Фрэнк Хоулмен оказался очень ценным источником информации, и, когда
закончился срок командировки Большакова, этот контакт передали другому
офицеру ГРУ – Юрию
Гвоздеву.
В это время всесильному маршалу Жукову, который собирался с визитом в
Индию и Бирму, понадобился личный переводчик. Большаков, блестяще
знавший английский, оказался под рукой и был рекомендован министру. Так
вместо малоинтересной бумажной работы в ожидании следующей
"командировки" он попал в обойму приближенных к высшей власти.
Официально его должность называлась "офицер для особых поручений при
министре обороны СССР".
В течение двух лет, куда бы ни отправлялся маршал, Большаков всегда был
при нём. Надо сказать, что весьма несентиментальный Георгий Жуков, от
одного взгляда которого цепенели высшие военачальники страны, проявлял
по отношению к Большакову удивительно теплое, почти отеческое чувство.
Рассказывают, Большаков буквально царствовал в приемной своего патрона.
Разумеется, у него появились большие связи в аппарате Кремля и вокруг
него: зять Хрущёва Алексей
Аджубей, один из руководителей
ТАСС Харламов
и другие известные в стране лица.
Но с утверждением Хрущёва в должности главы Советского государства
легендарный маршал попал в немилость. Настали черные дни и для
Большакова. В выписке из личного дела скупо отмечается: "1957–1959 –
старший офицер Главного разведывательного управления
Генерального
штаба". После приемной министра обороны – это прозябание. Испытав все
прелести положения любимца Жукова, Георгий Большаков познал и все
горечи, связанные с его опалой.
Но не зря заводил он связи – в конце 1959 года вновь едет в Вашингтон.
На этот раз как заместитель главного редактора журнала "Советский Союз",
издающегося на английском языке. В вашингтонской резидентуре ГРУ
полковник Большаков числится старшим оперативным офицером.
В конце 1960 года к власти в США пришел новый президент – Джон
Фицджералд Кеннеди. Для советской разведки наступила горячая пора. Ярый
ненавистник Советского Союза президент Эйзенхауэр больше не у дел. Но
как поведет себя его преемник? Именно разведка должна была дать ответ на
этот вопрос.
Кеннеди начал плохо. Унаследовав от прежней администрации кубинскую
проблему, он санкционировал попытку вторжения на Кубу контрреволюционных
сил в заливе Плайя-Хирон и потерпел унизительное поражение. Всего за два
дня ожесточенных боев от сил вторжения не осталось и следа. Да,
вторжение планировало и готовило правительство Эйзенхауэра, но
ответственность за провал легла на нового президента. Тяжелое наследие.

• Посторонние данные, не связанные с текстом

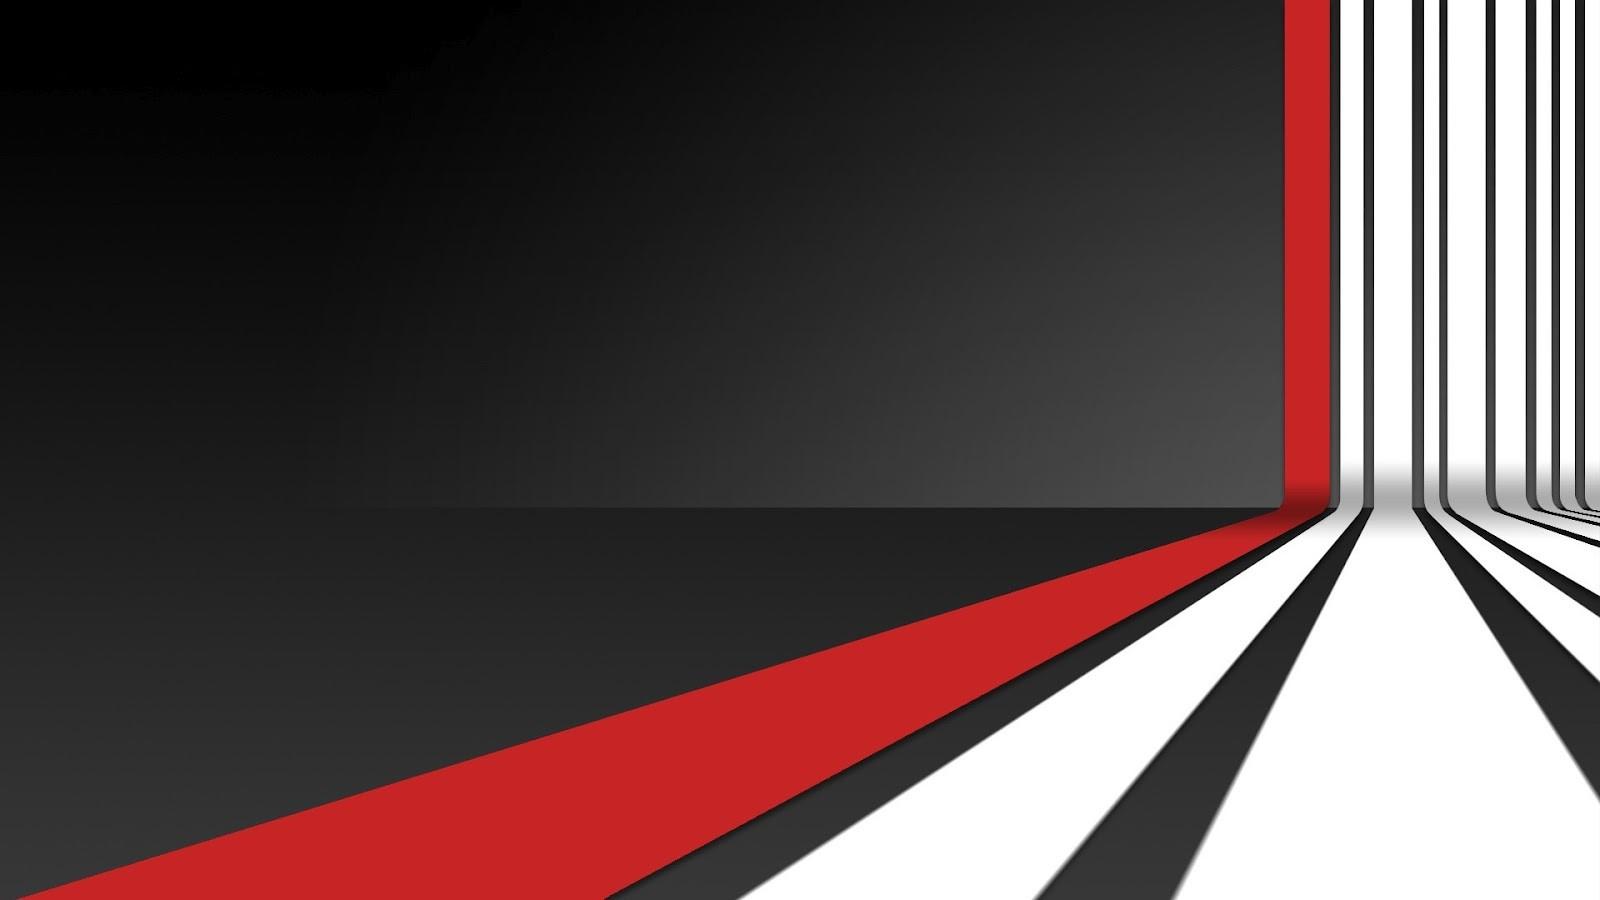 Fondos de pantalla abstracto rojo simetr a dise o for Papel pintado rojo y blanco

К тому же в Европе резко обострился берлинский вопрос и на карту был
поставлен международный престиж Америки.
Вернувшись в США после почти пятилетнего отсутствия, Георгий Большаков
возобновил свою связь с Фрэнком Хоулменом. Конечно же, Хоулмен был
прекрасно осведомлен, какое воинское звание имеет его друг – советский
"журналист". Знал он и то, какие мощные "выходы" есть у Большакова через
Алексея Аджубея на первую семью в Советском государстве. Но и сам Фрэнк
Хоулмен к тому времени уже не скрывал от Георгия, что наиболее важные
моменты их дружеских бесед он доводит до сведения Роберта Кеннеди –
нового министра юстиции и генерального прокурора США. Конечно, посты –
вещь серьезная, но Роберт к тому же родной брат действующего президента.
И это обстоятельство было главным.
Дружба братьев Кеннеди ни для кого не была секретом. Полковник Большаков
не мог не понимать, в какую, собственно, игру и с кем он играет. Но
встречи с Хоулменом продолжались. С момента поражения на
Плайя-Хирон не
прошло и нескольких недель, как у Хоулмена "внезапно" возникла идея. "А
не лучше ли тебе самому встретиться с Робертом Кеннеди, тогда бы он имел
информацию из первых рук", – сказал он Большакову.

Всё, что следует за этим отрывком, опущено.